DATA BLOCK |
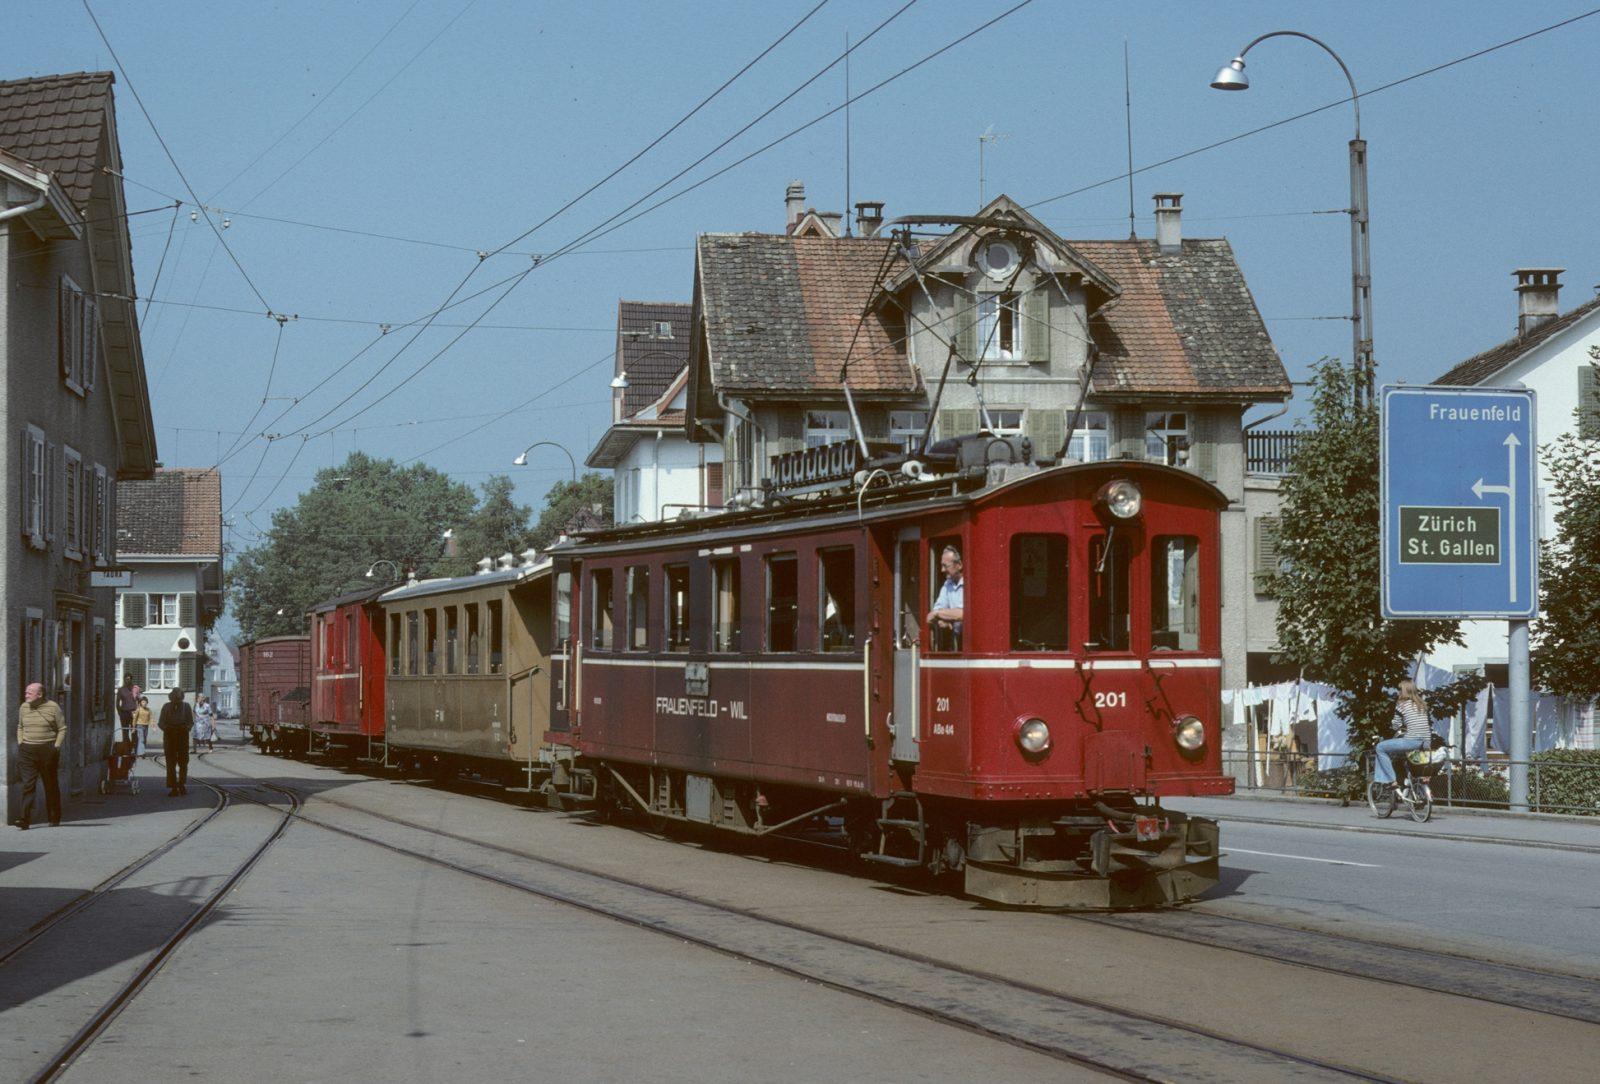 Frauenfeld Wil Bahn Münchwilen
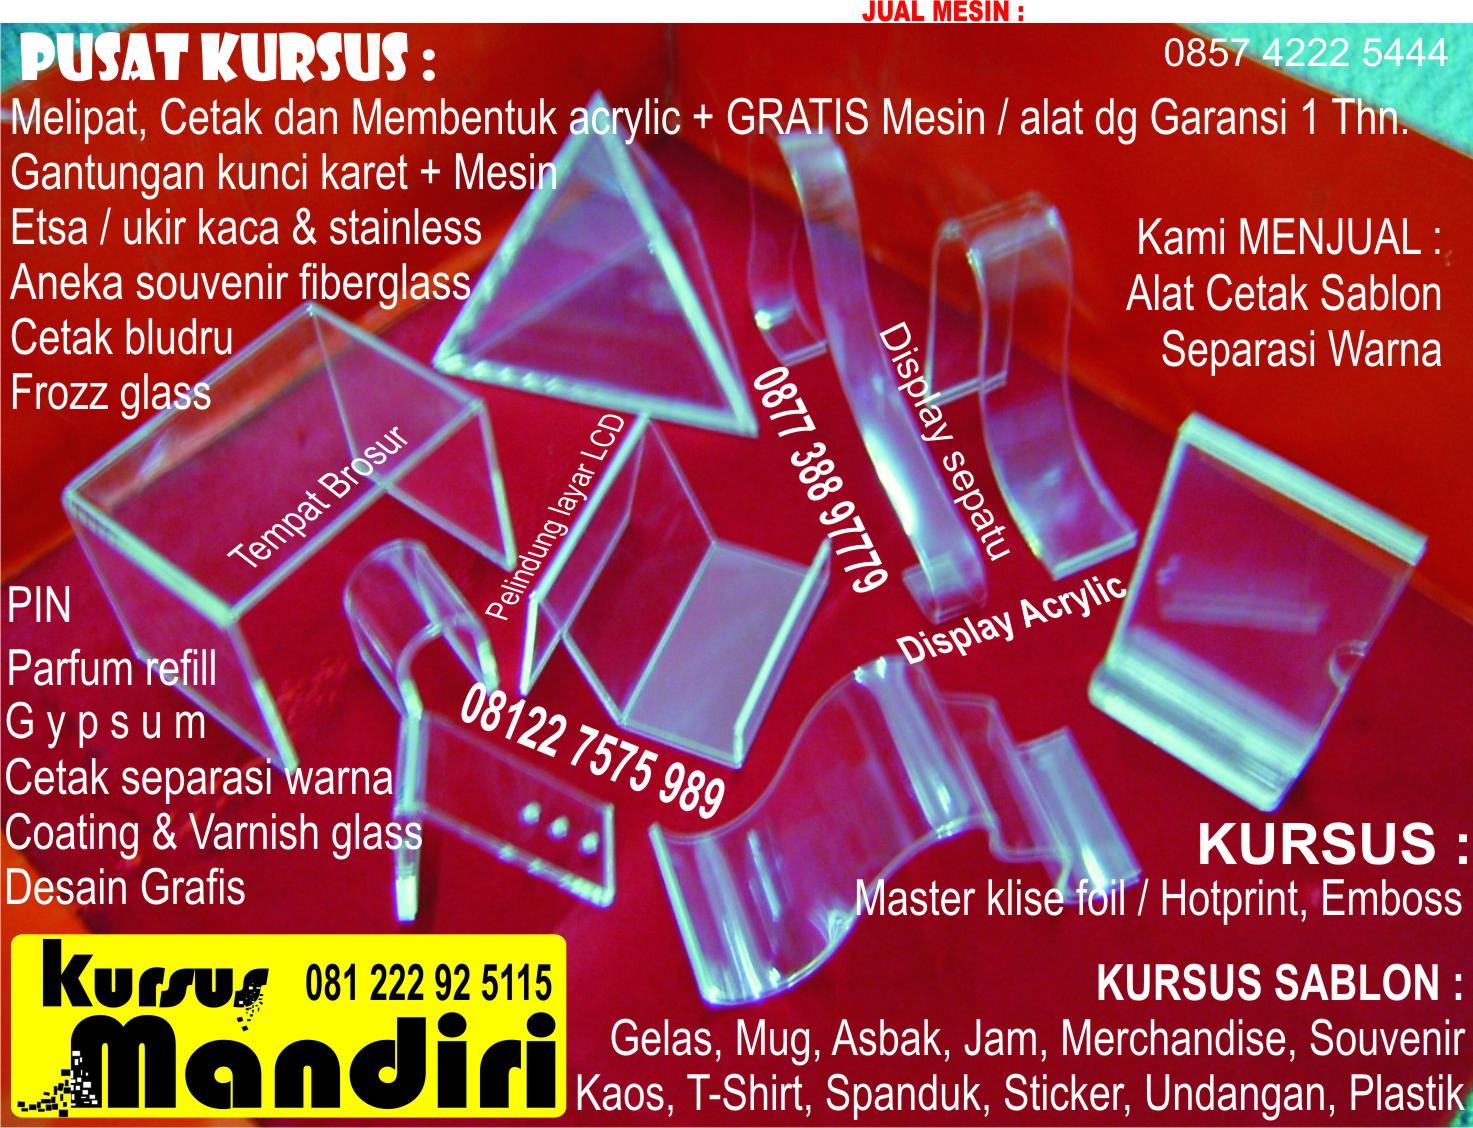 Skripsi Putus Sekolah Skripsi Pai Pendidikan Agama Islam Skripsi Tarbiyah Offset Graphic Design Screen Printing Computer Setting Film
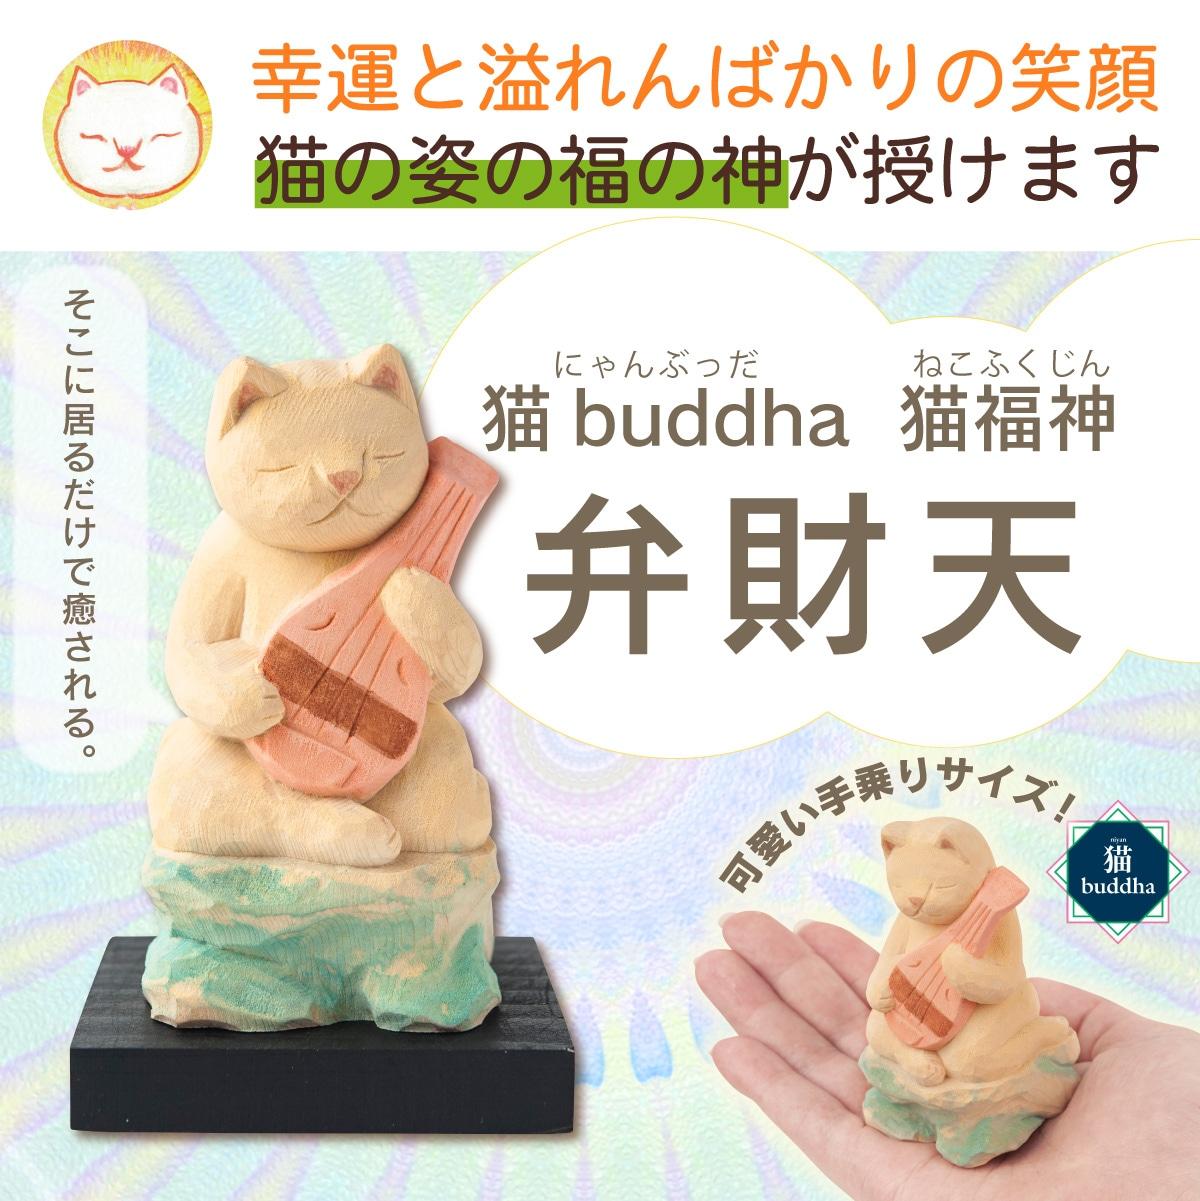 猫buddha 猫福神 弁財天 開運グッズ
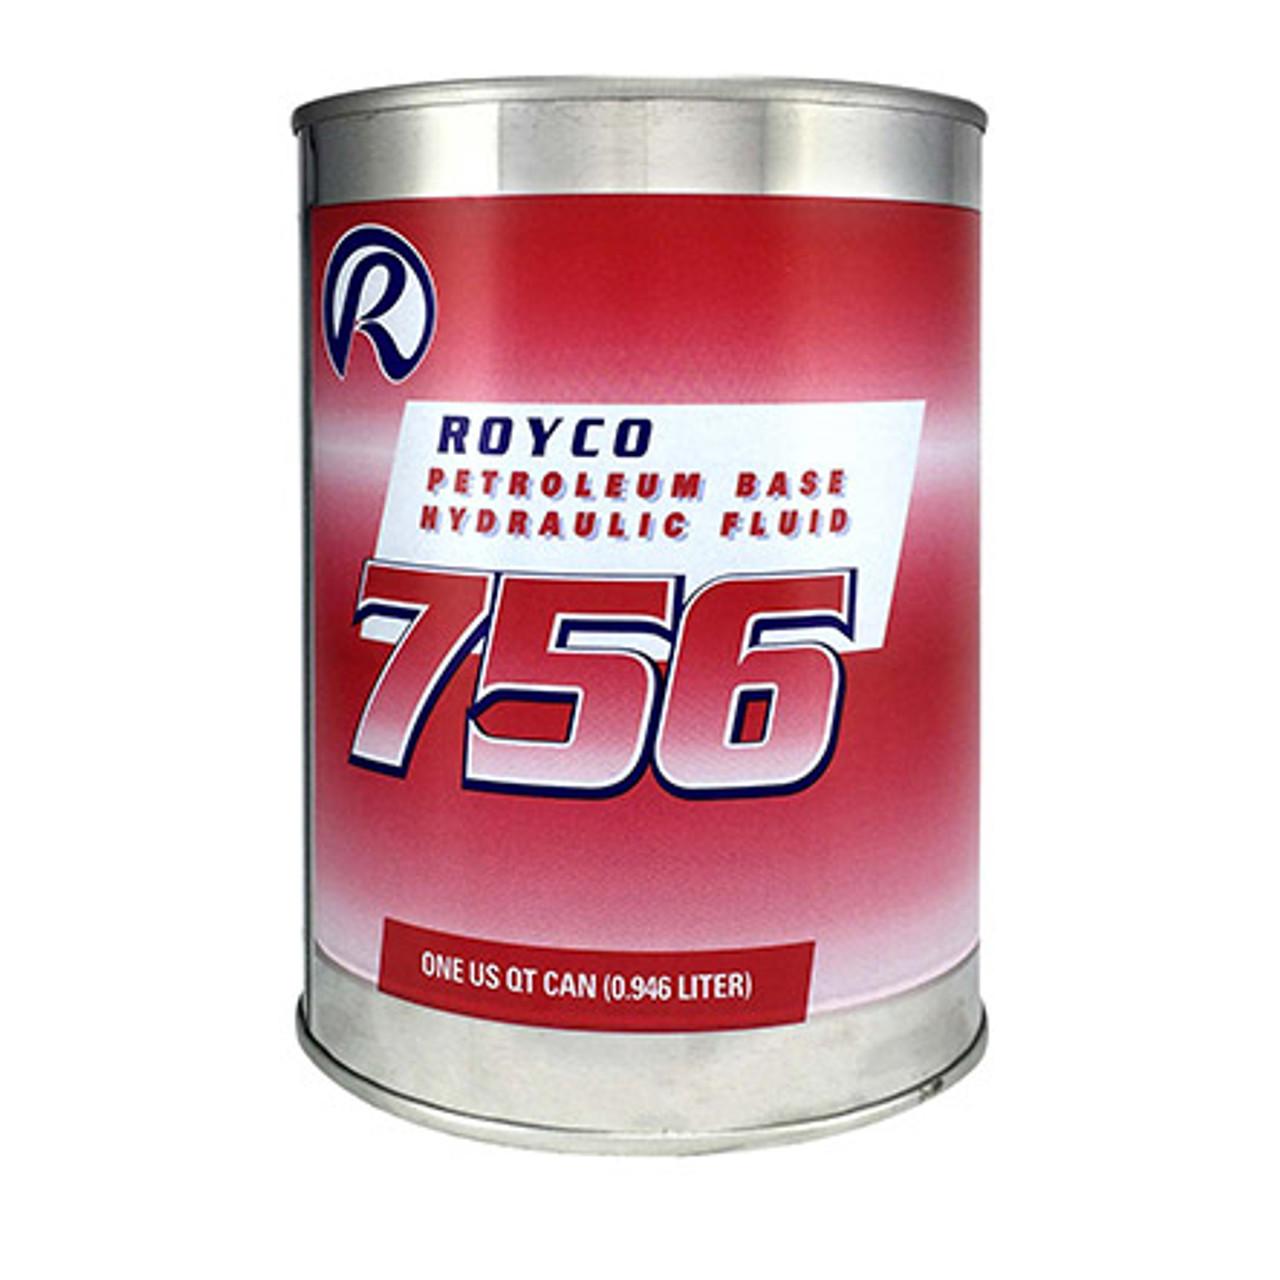 Royco 756 Hydraulic Fluid - Quart

TASK STATEMENT | Your reply should consist of the data, transcribed exactly, and should hold no pictures.

TASK SOLUTION |
 Frauenfeld Wil Bahn Münchwilen
 Skripsi Putus Sekolah Skripsi Pai Pendidikan Agama Islam Skripsi Tarbiyah Offset Graphic Design Screen Printing Computer Setting Film
 猫buddha 猫福神 弁財天 開運グッズ
 Royco 756 Hydraulic Fluid - Quart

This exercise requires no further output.